8 DBPedia, http://wiki.dbpedia.org/; http://it.dbpedia.org/, Linked Open Data estratti dalle voci di Wikipedia 9 FRBR-Aligned Bibliographic Ontology (FABiO), http://www.sparontologies.net/ontologies/fabio 10 Citation Typing Ontology (CiTO), http://www.sparontologies.net/ontologies/cito
11 Provenance Ontology (PROV-O), https://www.w3.org/TR/prov-o/ 12 NanoPublication, http://nanopub.org/guidelines/working_draft/
formalizzazione di due livelli di provenance (inerente gli asserti estratti dal testo pieno e inerenti la pubblicazione dell'edizione) mediante l'utilizzo di named graphs.
Infine, una volta acquisito il modello di markup e stabilite le relazioni da estrarre dal testo pieno, la scelta degli authority file e dei dataset da collegare è fondamentale per completare la base di conoscenza e fornire una migliore esperienza informativa all’utente.
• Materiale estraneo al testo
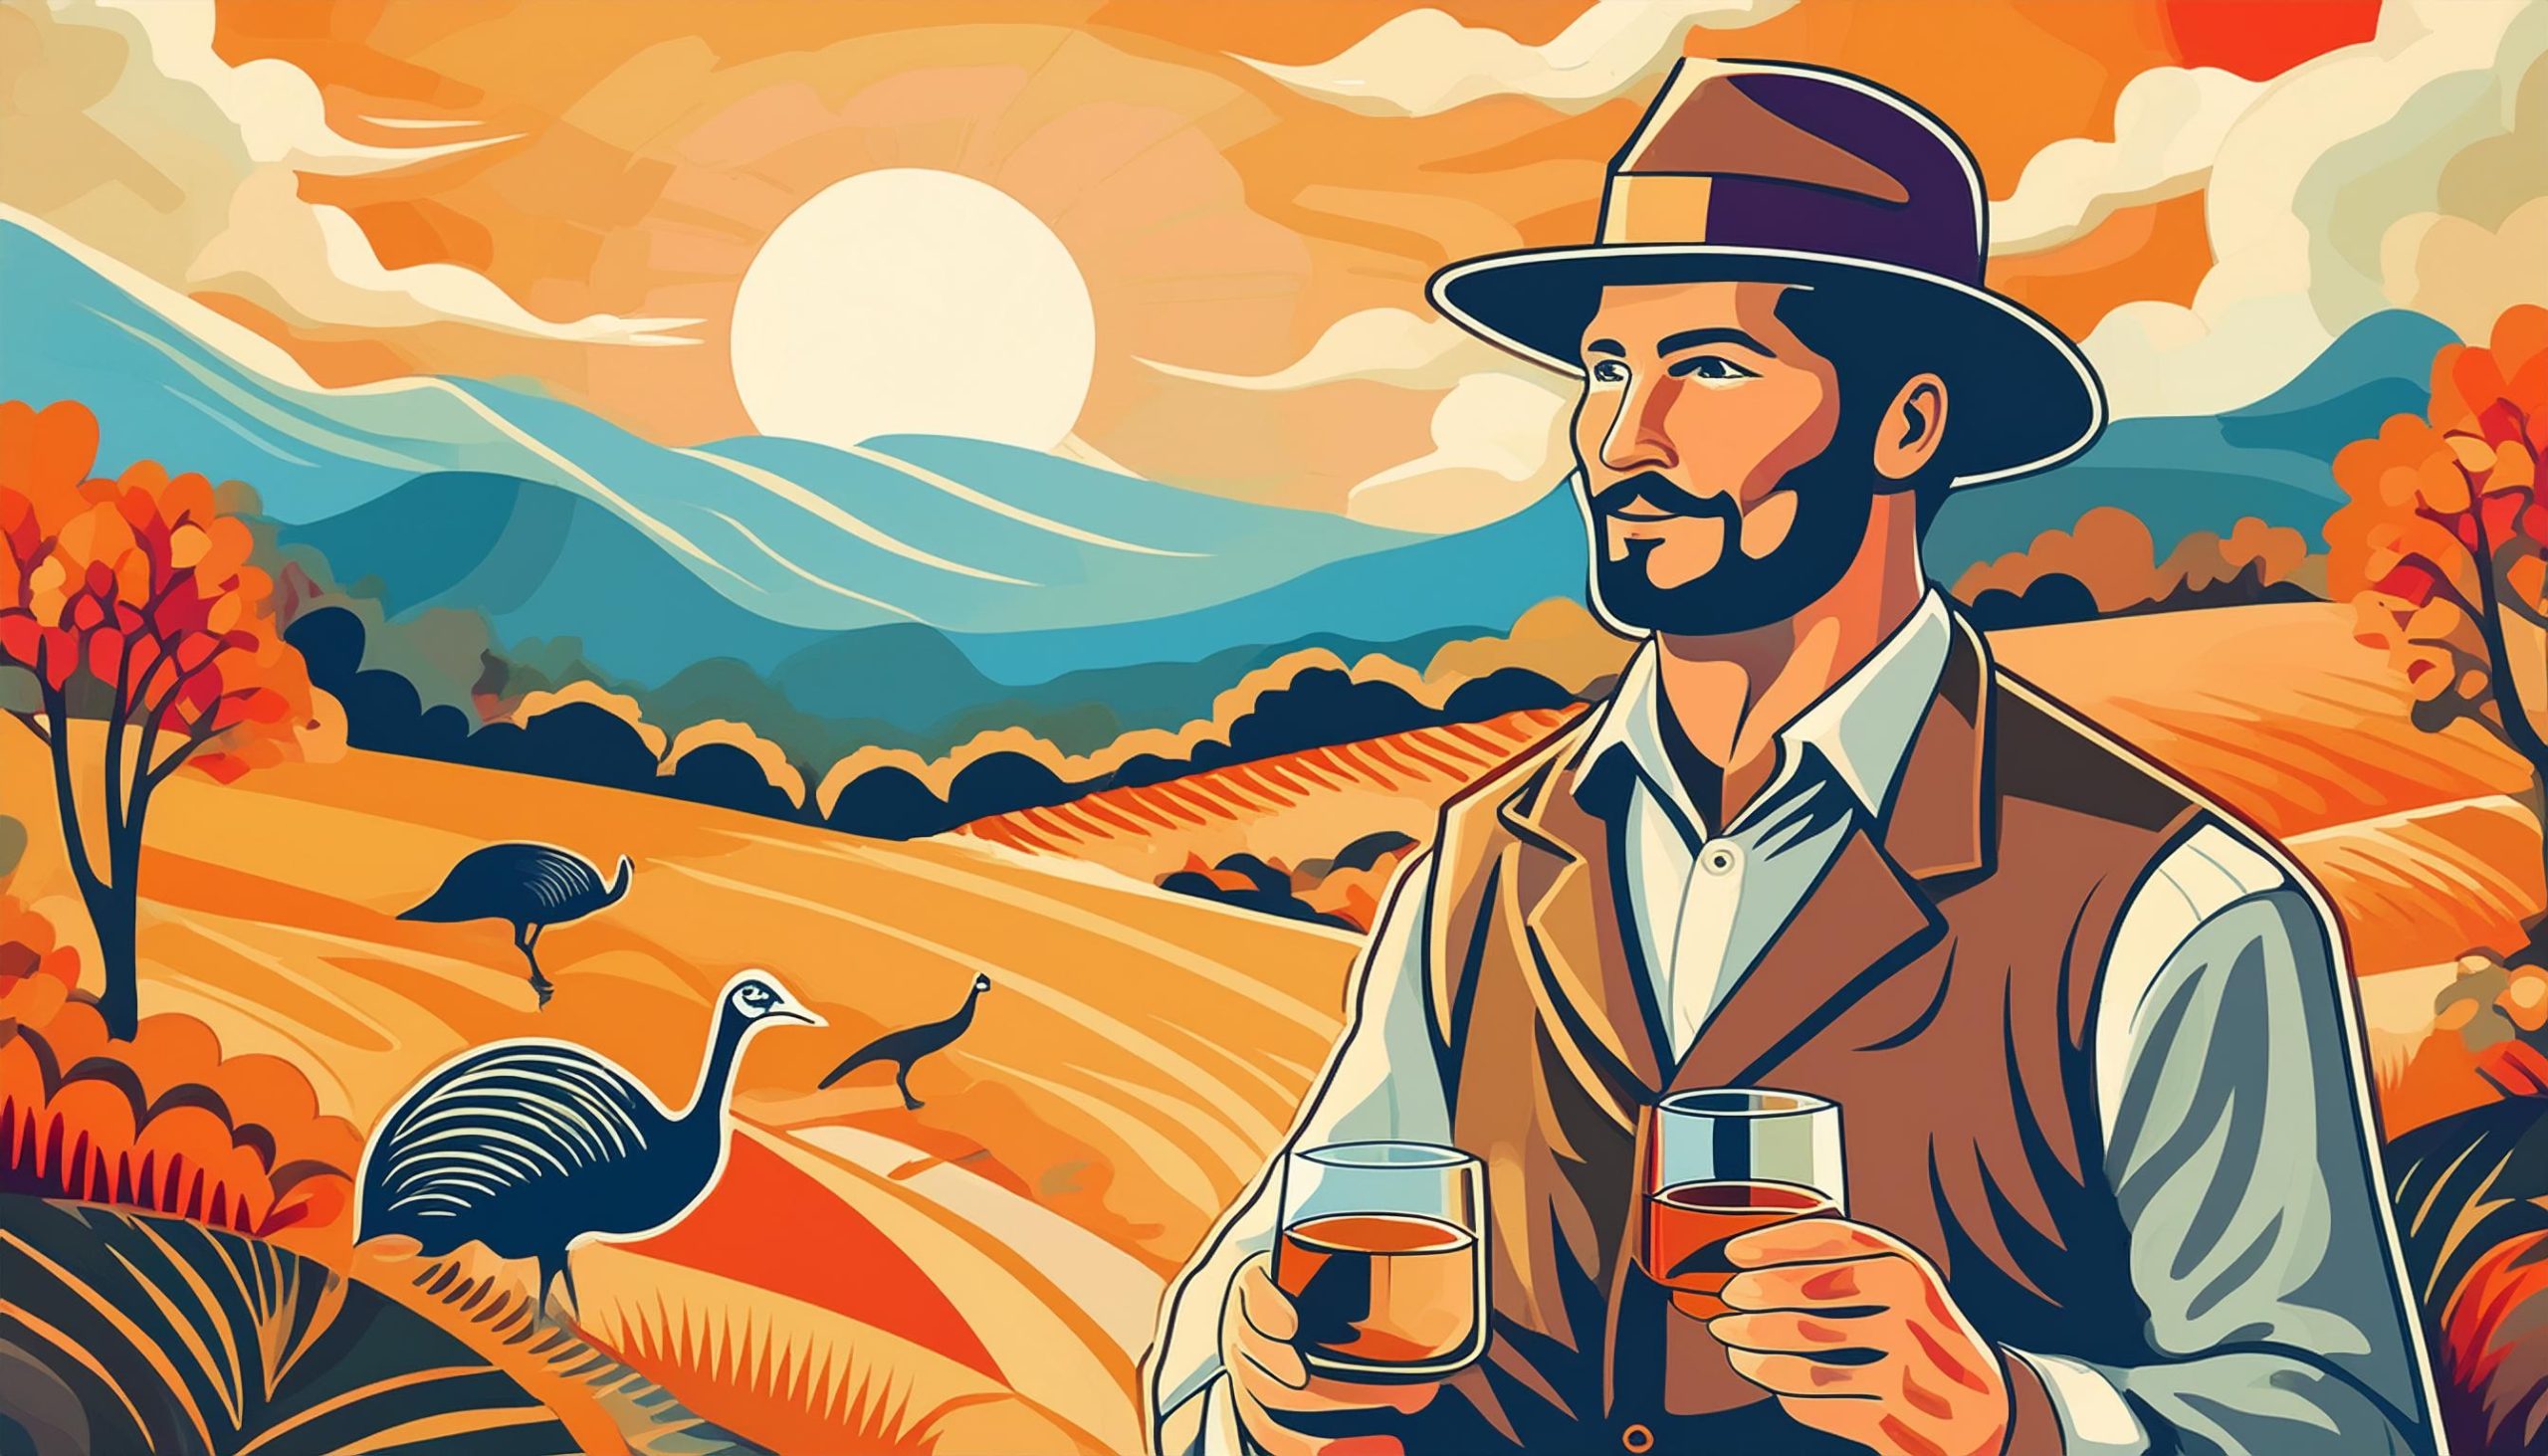 An art deco style illustration of a man in the late 18th century, holding two glasses of bourbon, turkeys in the landscapes behind him

Sia il riferimento all’identificativo VIAF, sia il link alla rispettiva entità in DBpedia sono stati creati per estendere le informazioni biografiche delle personalità citate. Quando è stato possibile decifrare la specifica edizione di un testo citato è stato creato un link a Worldcat e VIAF; nei casi in cui è nota l’opera, ma non l’edizione citata, è stato creato il solo link a VIAF.
La base di conoscenza, così arricchita grazie all’integrazione di risorse esterne, verrà ulteriormente arricchita con la versione integrale dei frammenti testuali riportati nel Quaderno, il che consentirà di ricostruire, anche virtualmente, una parte della biblioteca di Paolo Bufalini.
5. CONCLUSIONI
In questo contributo abbiamo sollevato l’attenzione sulle problematiche veicolate dall’adozione dei Linked Open Data nel mondo delle edizioni scientifiche digitali. Per sfruttare a pieno le possibilità offerte dal medium tecnologico (i.e., la possibilità di rappresentare in modo più espressivo i fenomeni estratti dal testo e l’integrazione di dati con fonti esterne) è necessario ripensare l’oggetto testo e le sue forme sulla base del nuovo modello di rappresentazione. Il caso d’uso del Quaderno di
appunti di Paolo Bufalini è un esempio di come tali problematiche vadano risolte avendo piena coscienza delle fasi di tale
processo. Il modello LOD ha consentito di esplicitare le relazioni intra-testuali e inter-testuali tra frammenti di appunti, persone, luoghi, opere citate e il quaderno inteso come documento. Inoltre, ha permesso di esplicitare interpretazioni divergenti su di uno stesso fenomeno testuale, offrendo al lettore-utente la possibilità di accedere al Quaderno attraverso molteplici entry-points, permettendo di ‘svincolare’ le informazioni dall’edizione-documento ed integrare il testo del
Quaderno con altri ambienti di valorizzazione del patrimonio culturale presenti nel web.
Con la definizione di questo workflow, e le relative specifiche di processo, si sono dunque poste la basi per una modellazione sufficiente scalabile in ogni contesto di trasformazione di edizioni digitali in ambienti di conoscenza a base semantica.